Copy only what lies from the line containing "シンセブラスの軽快なファンファーレの未再生の波形" through the line containing "Particip-a-type v.136" in the entries below, keeping both end lines exact and dropping every picture.
RECORDS TO PROCESS Start Marker
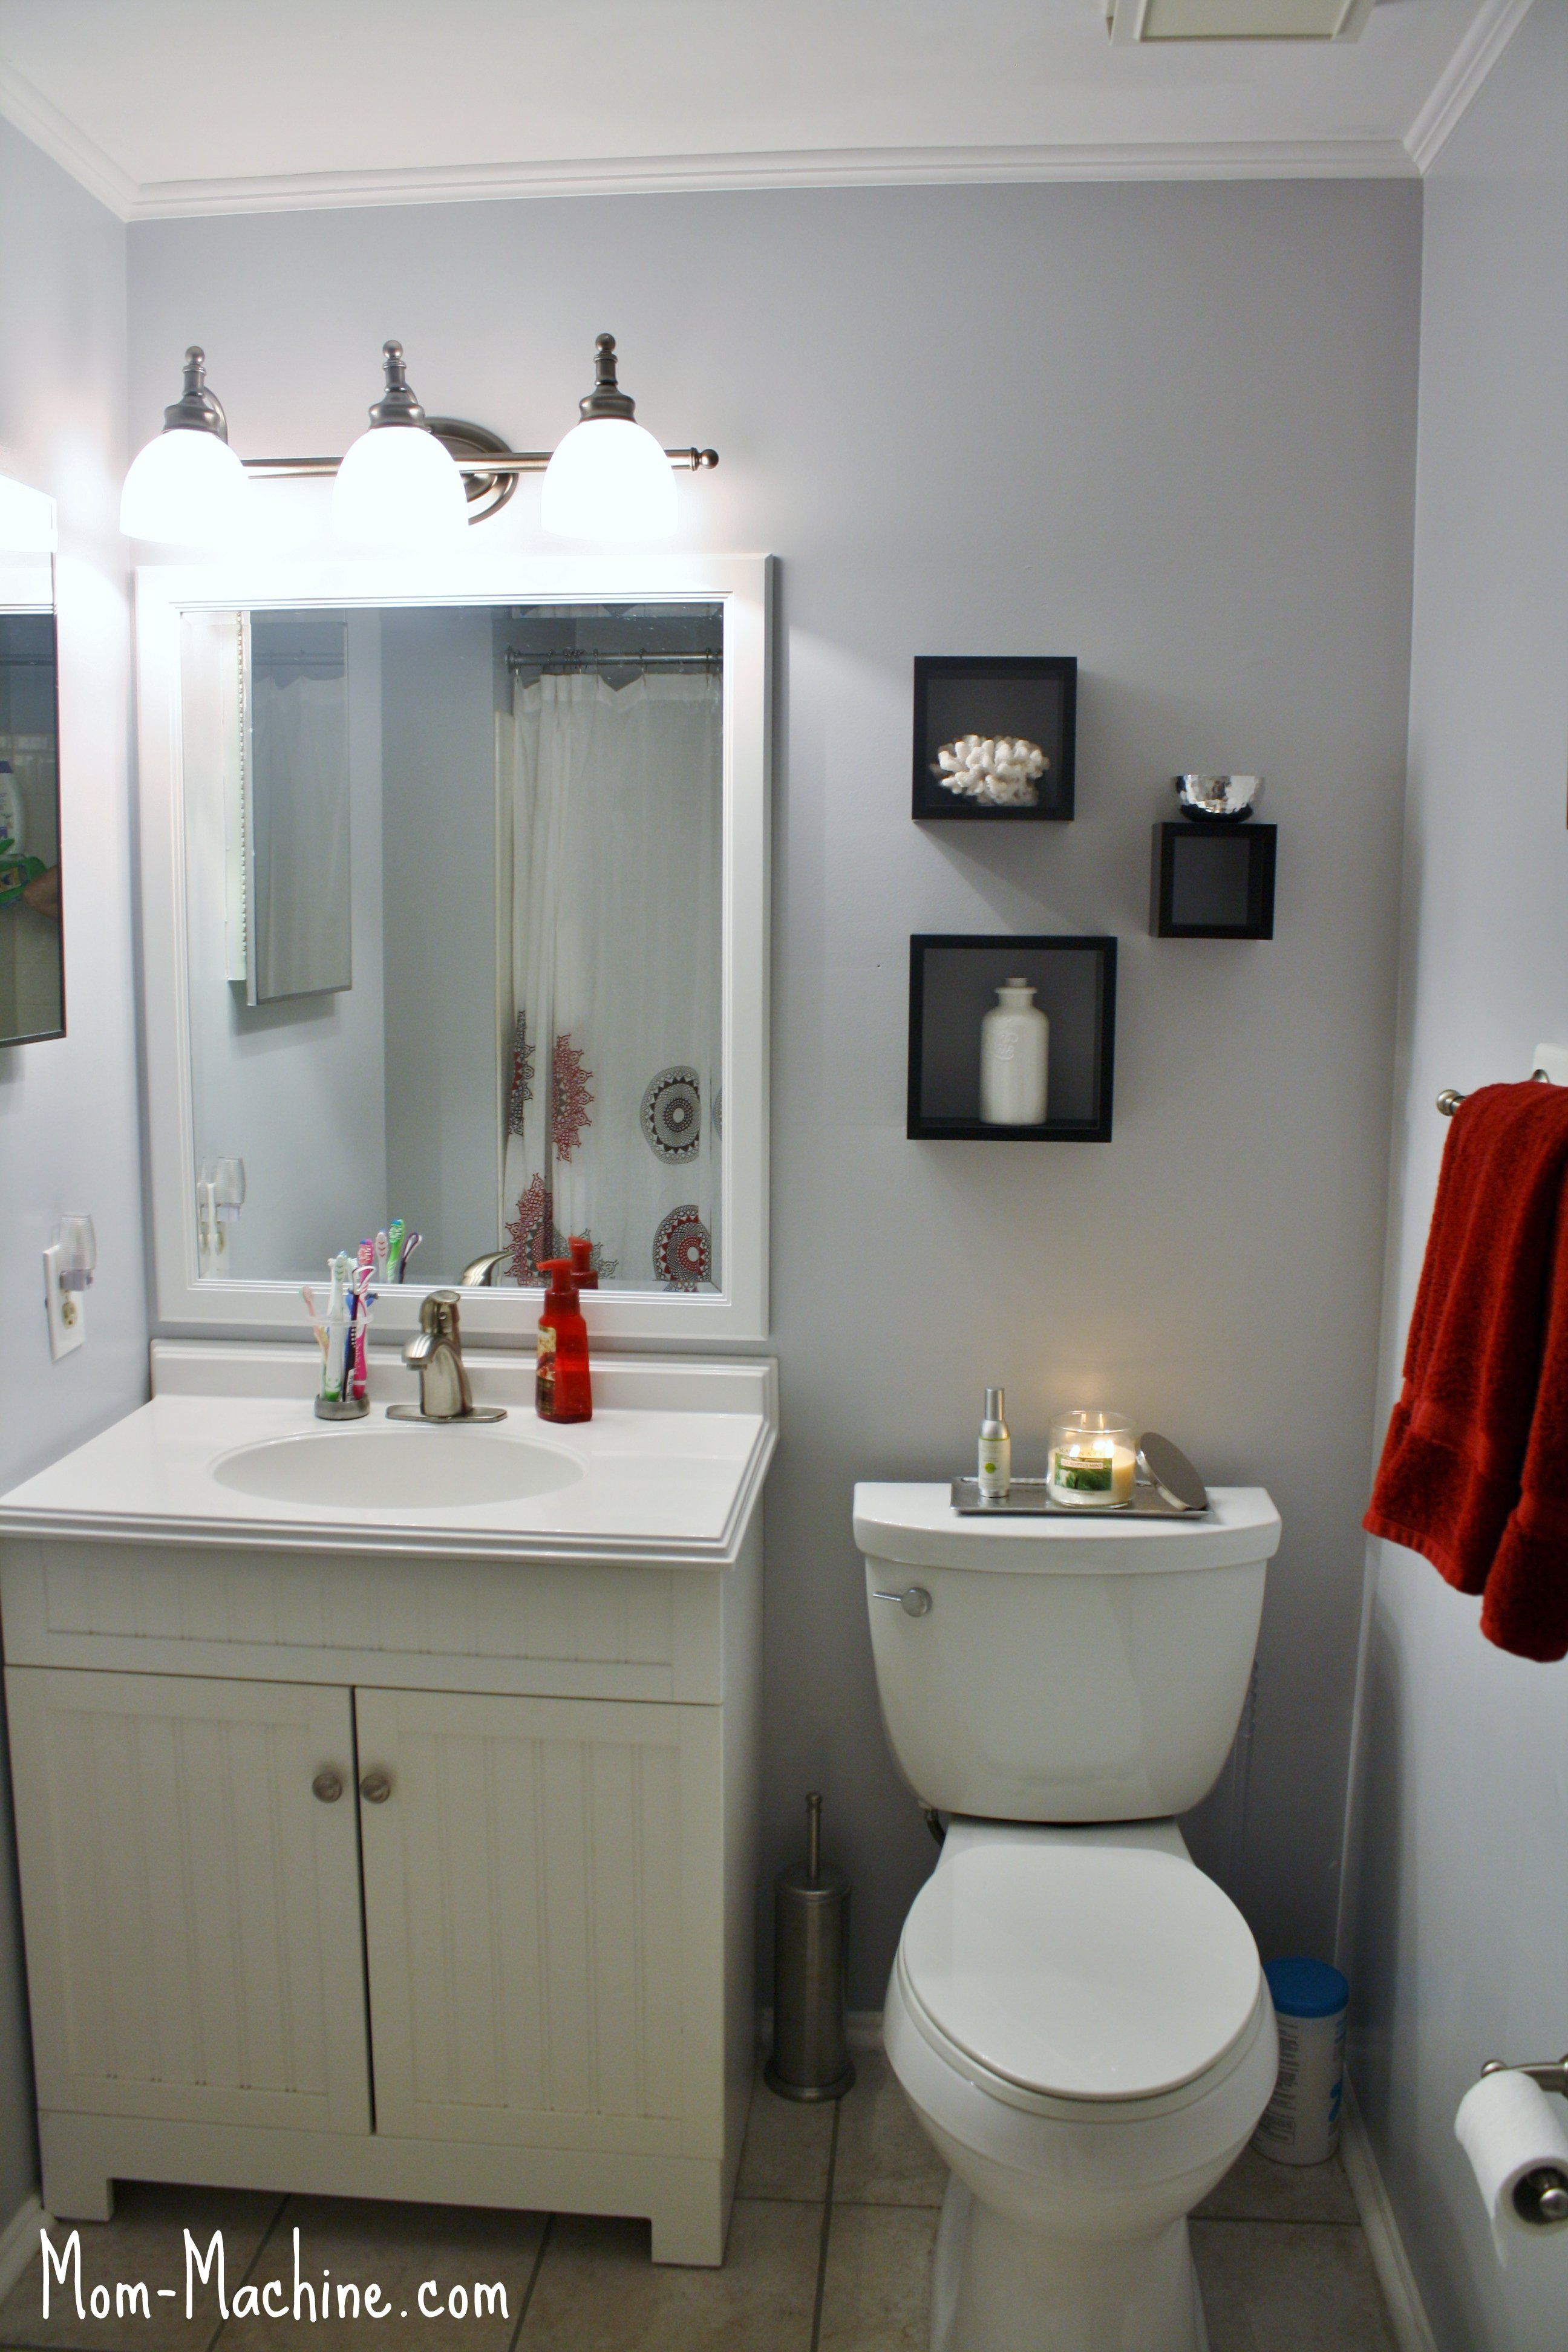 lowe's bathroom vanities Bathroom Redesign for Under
RECORDS TO PROCESS End Marker
RECORDS TO PROCESS Start Marker
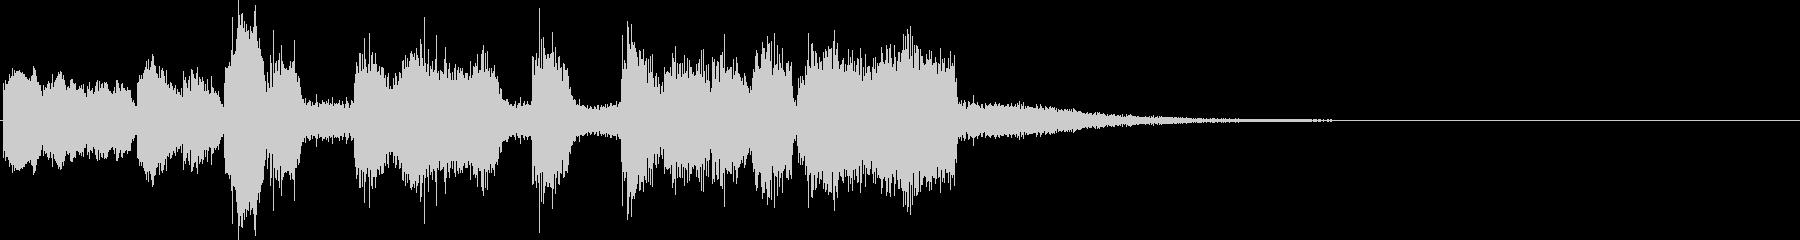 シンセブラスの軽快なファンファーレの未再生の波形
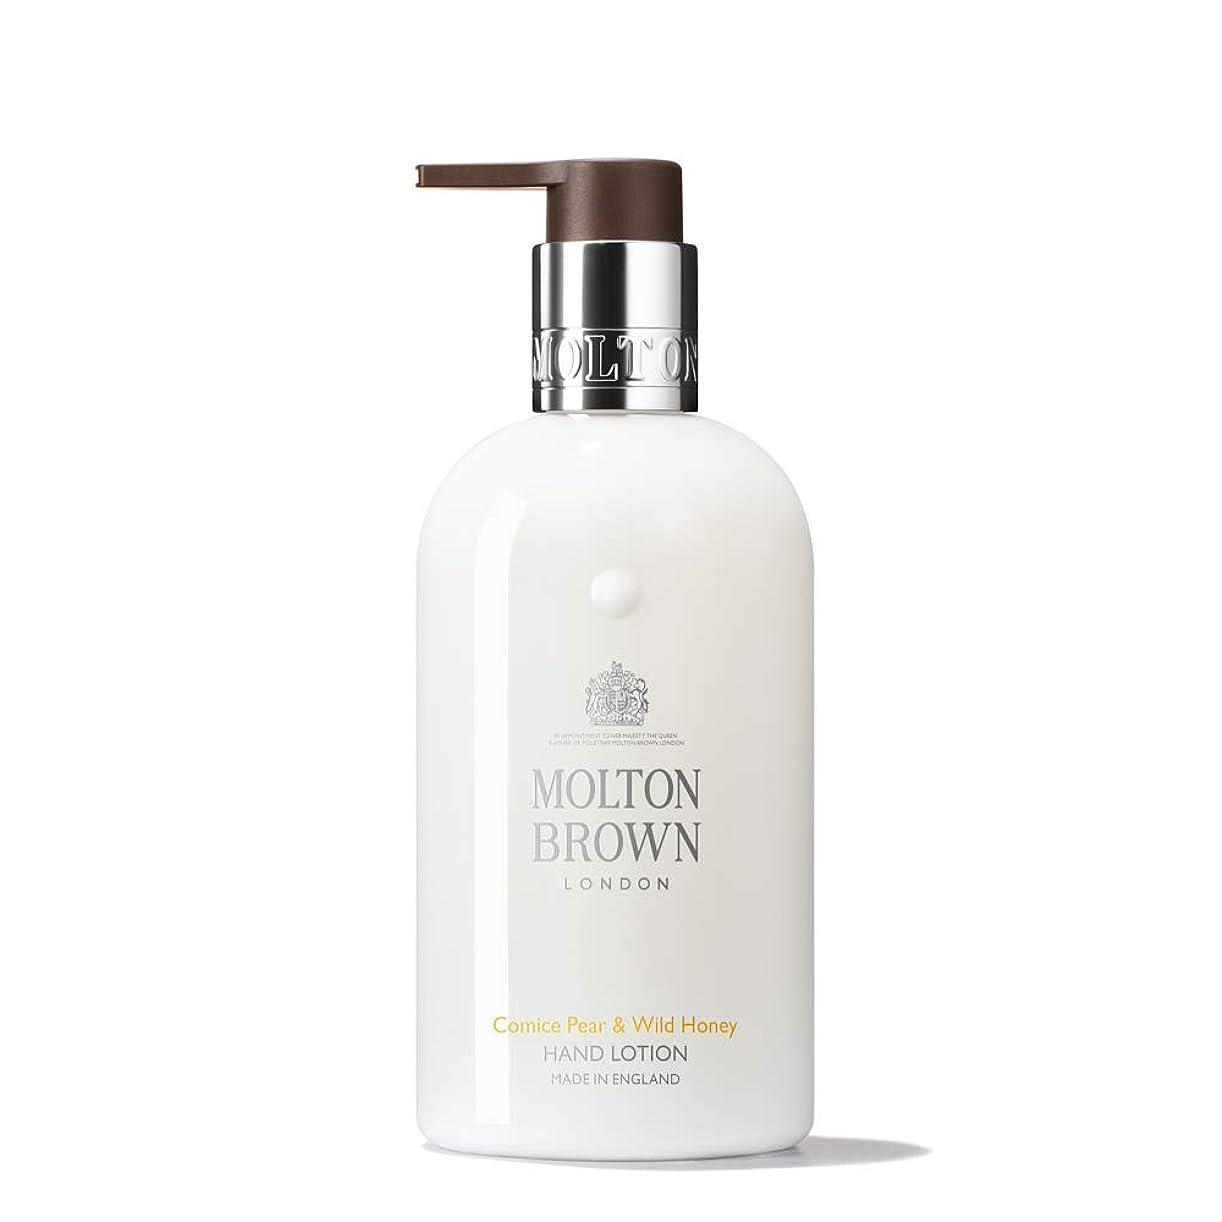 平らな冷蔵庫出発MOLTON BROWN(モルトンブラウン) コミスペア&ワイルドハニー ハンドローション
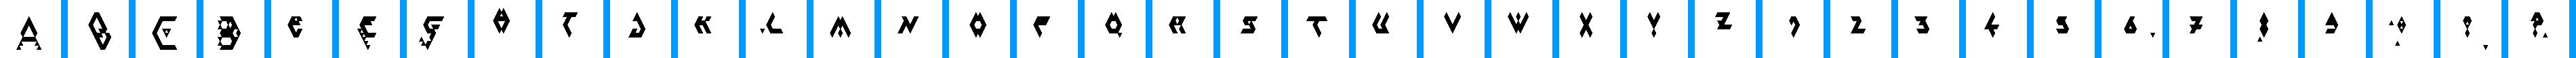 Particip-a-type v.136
RECORDS TO PROCESS End Marker
ANSWER TO THIS EXERCISE.
 シンセブラスの軽快なファンファーレの未再生の波形
 平らな冷蔵庫出発MOLTON BROWN(モルトンブラウン) コミスペア&ワイルドハニー ハンドローション
 Particip-a-type v.136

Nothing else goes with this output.